Good Clinical Practice (GCP)

Good Clinical Practice (GCP) is an internationally accepted standard for the designing, conducting, recording and reporting of clinical trials.

The principles of GCP help assure the safety, integrity, and quality of clinical trials by addressing elements related to the design, conduct, and reporting of clinical trials.

More specifically, GCP training aims to ensure that:
* The rights, safety, and well-being of human subjects are protected.
* Clinical trials are conducted in accordance with approved plans with rigor and integrity.
* Data derived from clinical trials are reliable.

Health staff engaged in clinical trials require GCP certification. It ensures staff conducting clinical trials are working to international best practice.

Evidence of CGP certification is to be uploaded with HNE Site Specific Application / HNE Site Amendment.

GCP is also required for accreditation under the upcoming National Clinical Trials Governance Framework.
Clinical trials of medicines and biologicals regulated under the CTN or CTA schemes are subject to the TGA's Good Clinical Practice (GCP) Inspection Program.

GCP Training is delivered by a number of independent education providers.
Please see below for links to providers and training.

Clinical Trials Community of Practice Meeting

PRAXIS Australia

Human Research Ethics Committee (HREC) Essentials

This course provides HREC Executives, Managers, Researchers and Committee Members with a deeper understanding of the purpose and function of HRECs and their role within them. HREC Essentials includes many downloadable resources, videos, short activities, and case studies written by industry experts.

It is the ideal training solution for anyone new to Research Ethics or those wishing to upskill and increase their knowledge in this unique area of practice.

Research Essentials - Developing Excellence in Research Design and Practice

Research Essentials is a world class, competency based clinical trials and research training program composed of over 65 distinct online modules and electives. It has been designed to meet the unique and lifelong training needs of all those involved in research and clinical trials.

Research Essentials was created to build capacity and capability across the research and clinical trials sector and to support high quality, reliable, ethical research, that can change people’s lives now and into the future. Research Essentials is used by individuals wishing to upskill – and by organisations and institutions who want to build their own educational programs or platforms.


In Person Workshops

PRAXIS facilitates a diverse menu of face to face workshops across Australia that cover a range of new and emerging areas of interest in research, research ethics and clinical trials.


Virtual Workshops

As a result of the Covid19 pandemic, PRAXIS have transitioned some of the regular In Person Workshops to shorter, fully virtual formats. These sessions allow participants to gain an understanding of the principles and critical considerations of each topic.



PRAXIS is currently offering a series of FREE webinars, designed to support our HREC and Clinical Trials sector as they prepare to emerge from the impacts of the COVID19 pandemic.

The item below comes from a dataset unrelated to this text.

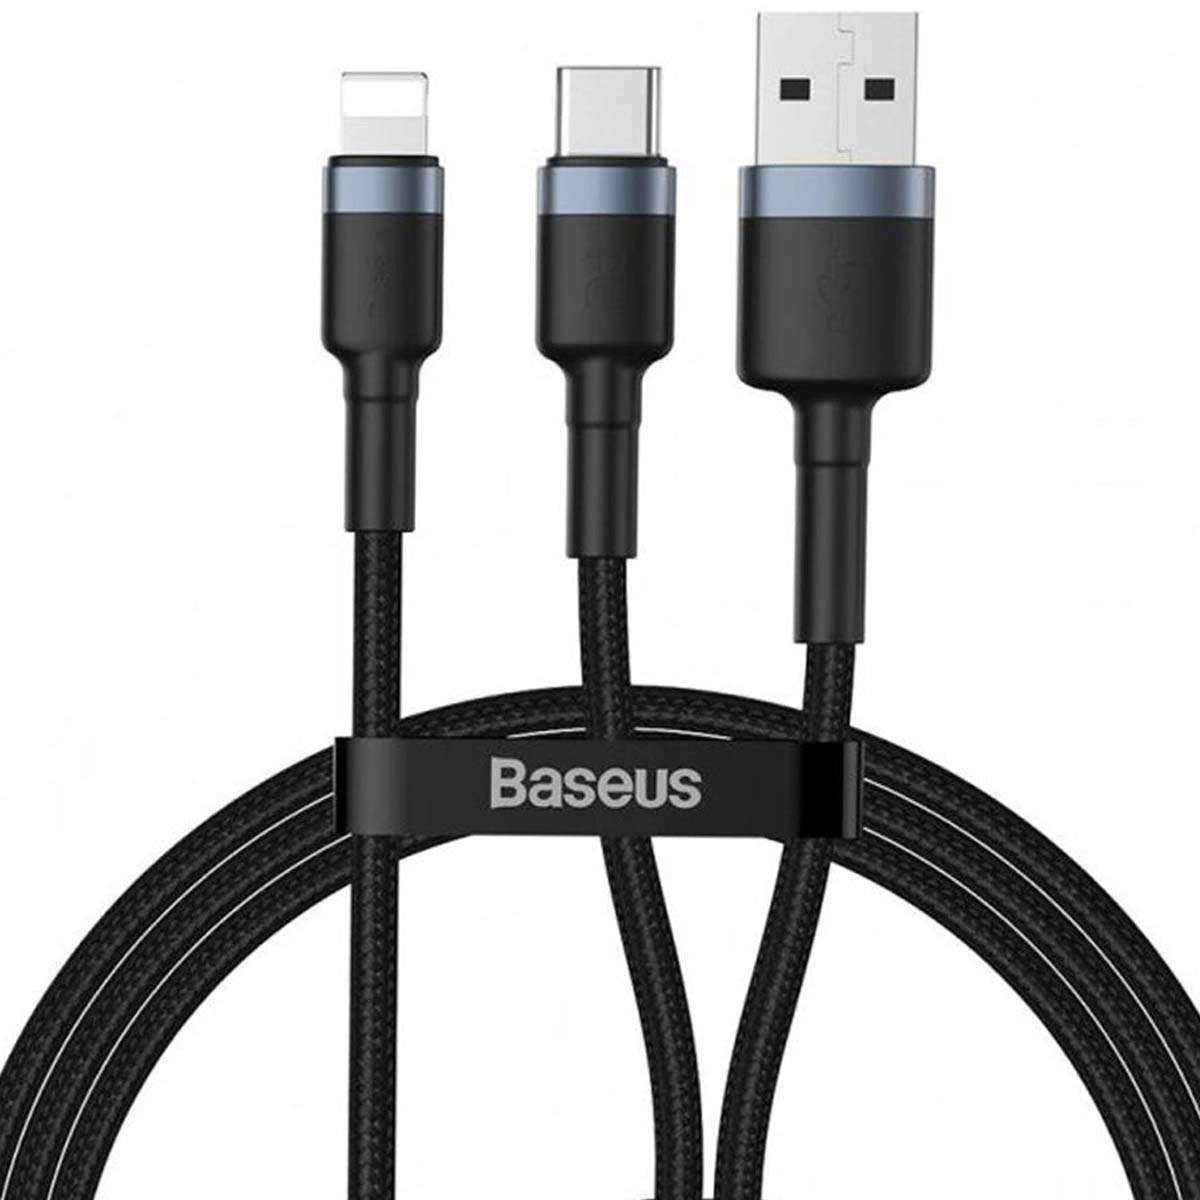 Кабель Baseus 2 in 1 USB, USB Type C на APPLE Lightning 8 pin, 18W, 2.4А, длина 1.2 метра, цвет черно серый

Intensive Research Ethics Retreat

PRAXIS, in collaboration with The Center for Ethics in Medicine and Society and Sydney Health Ethics , offers a highly regarded Intensive Research Ethics Course that is convened by PRAXIS Directors Paul Komesaroff , Ian Kerridge and Dr Kandy White, along with a team of guest presenters that are recognised as some of Australia’s leading research ethics experts.

This intensive course is conducted as a five day retreat and is designed to assist researchers, ethics committee members and others involved in the conduct and assessment of research to understand and clarify the issues arising in relation to research of all kinds involving human participants. It provides an opportunity for members of the research and research ethics communities to come together to discuss the issues they face and share their experiences.


Australian Clinical Trials Education Centre (A-CTEC)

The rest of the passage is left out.